* _What is required_:
Transcribe the full listing below, word for word, without pictures.

* _Supplied data_:

<<<<

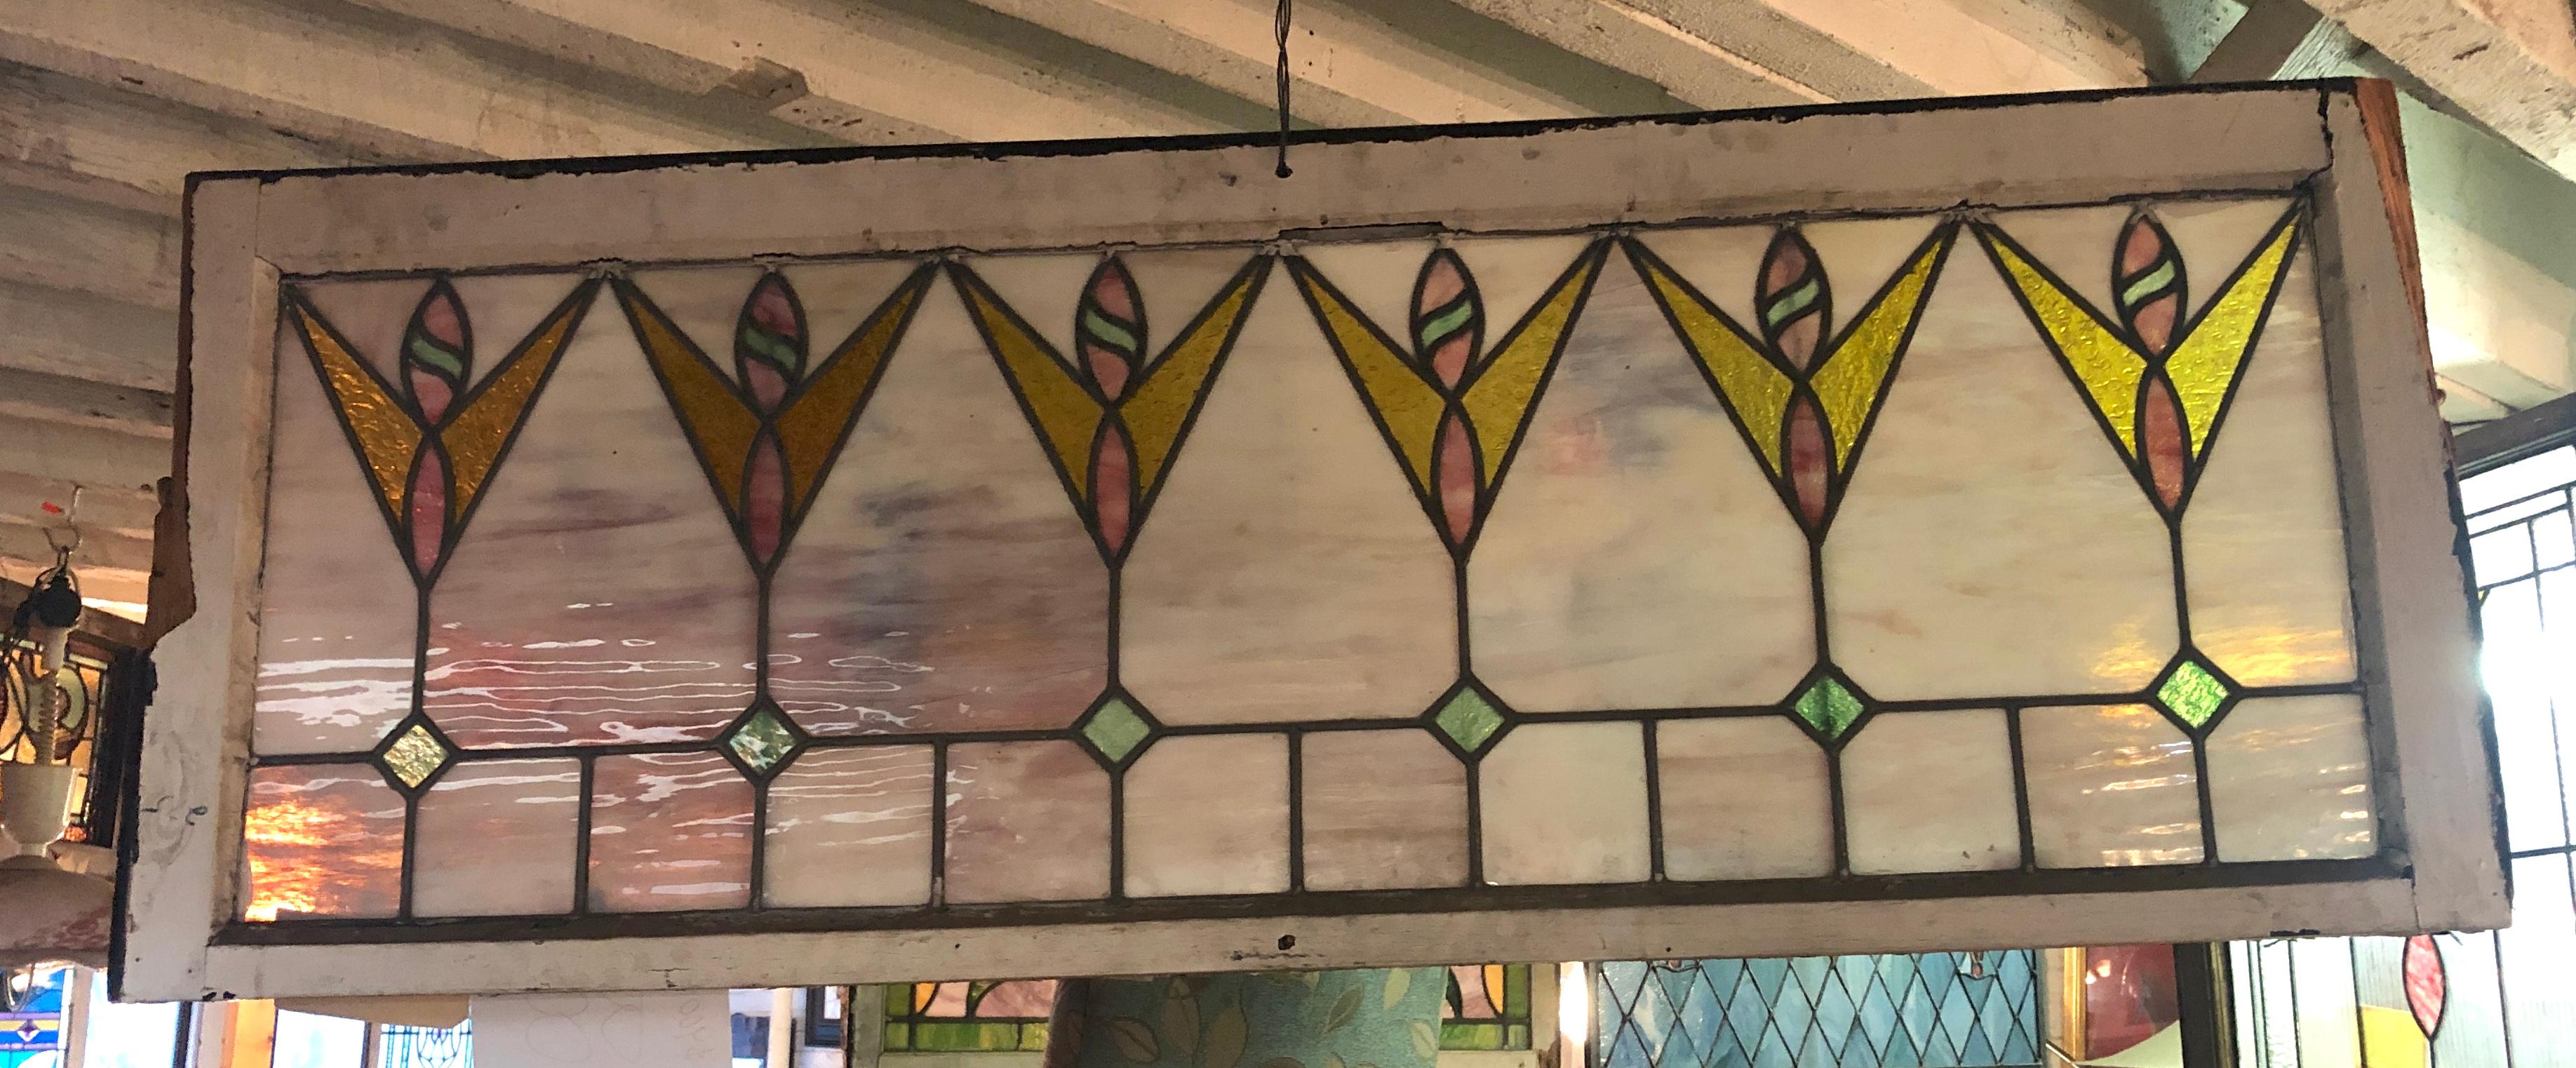 Stained glass transom window from the turn of the century. Beautiful leaded design with colored glass.
Currently housed in a temporary wooden frame - the overall dimensions are for the stained glass and the frame.
Located in NY
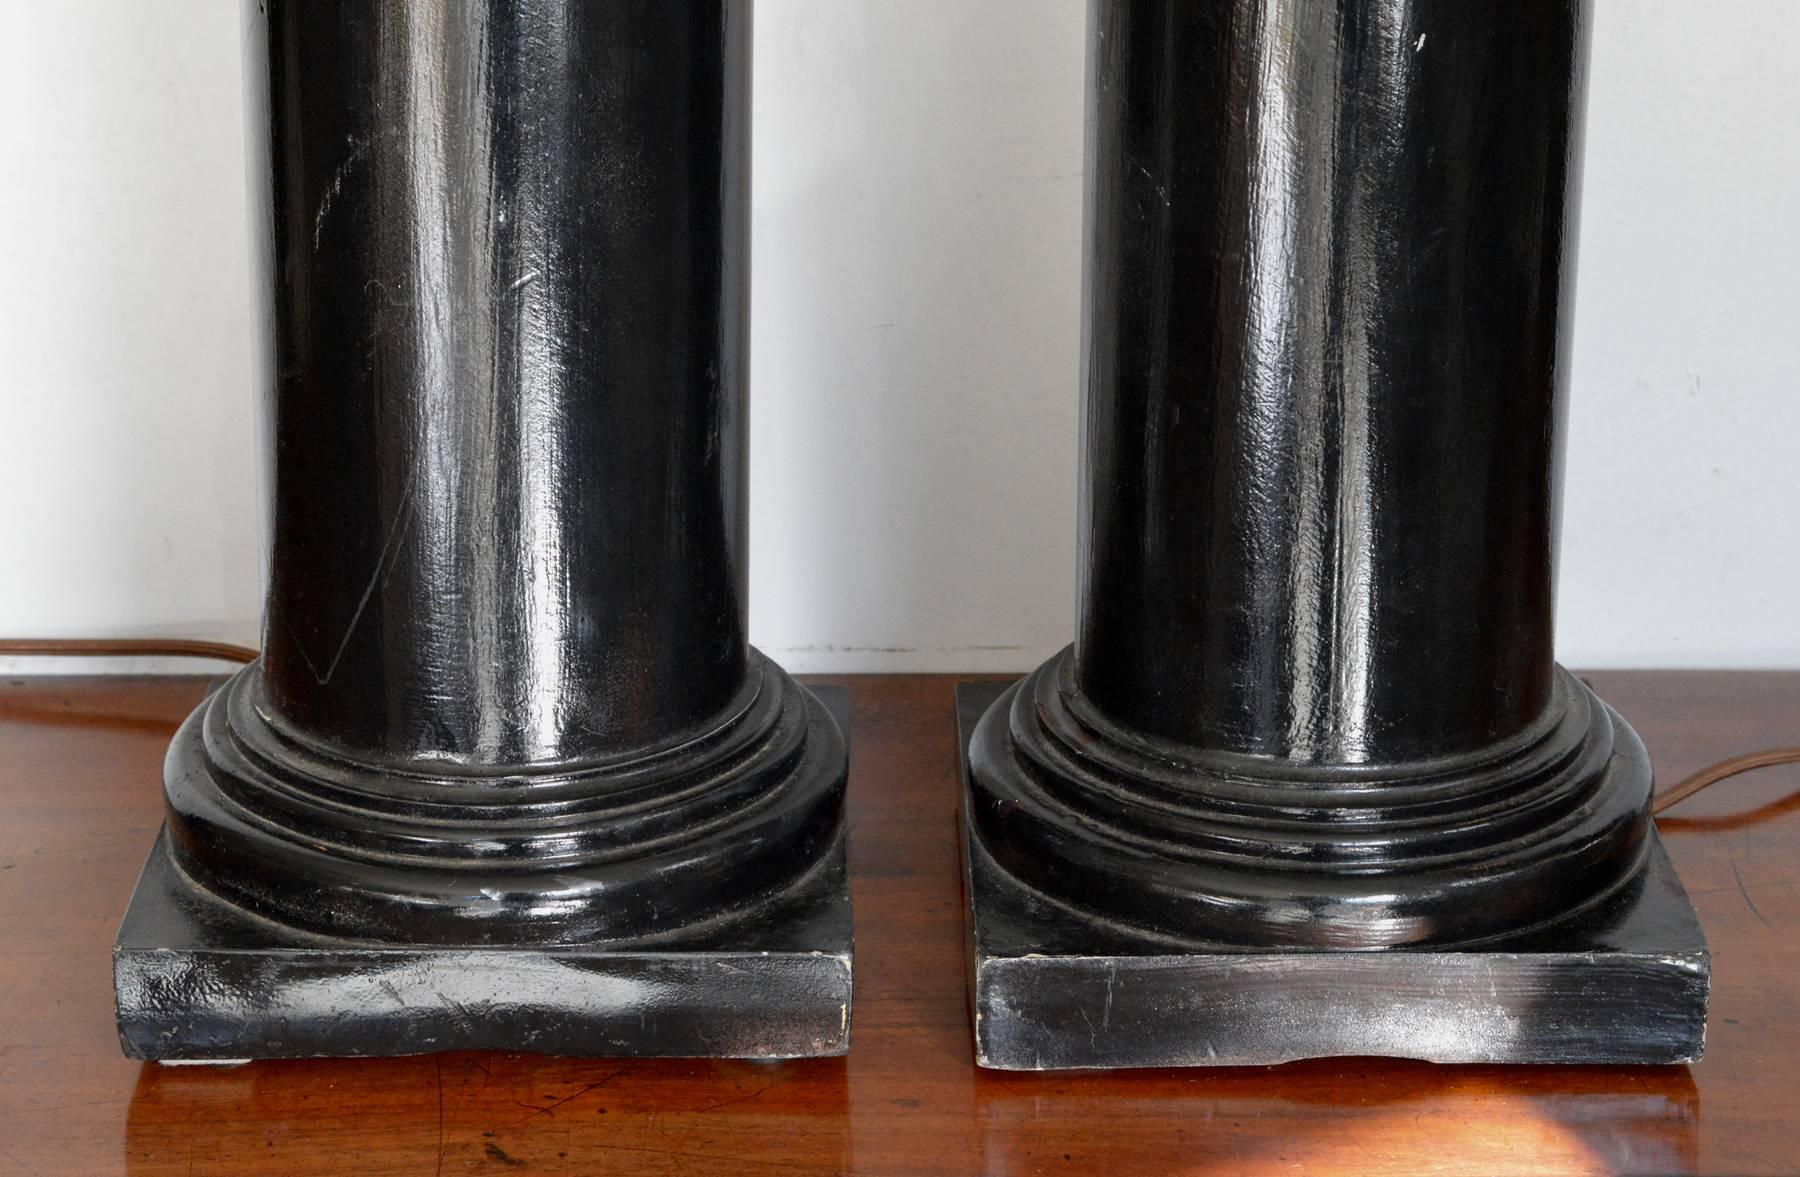 Ebonized Architectural Column Lamps, Pair In Good Condition For Sale In Charlottesville, VA

>>>>

* _Task result_:
 Stained glass transom window from the turn of the century. Beautiful leaded design with colored glass.
Currently housed in a temporary wooden frame - the overall dimensions are for the stained glass and the frame.
Located in NY
 Ebonized Architectural Column Lamps, Pair In Good Condition For Sale In Charlottesville, VA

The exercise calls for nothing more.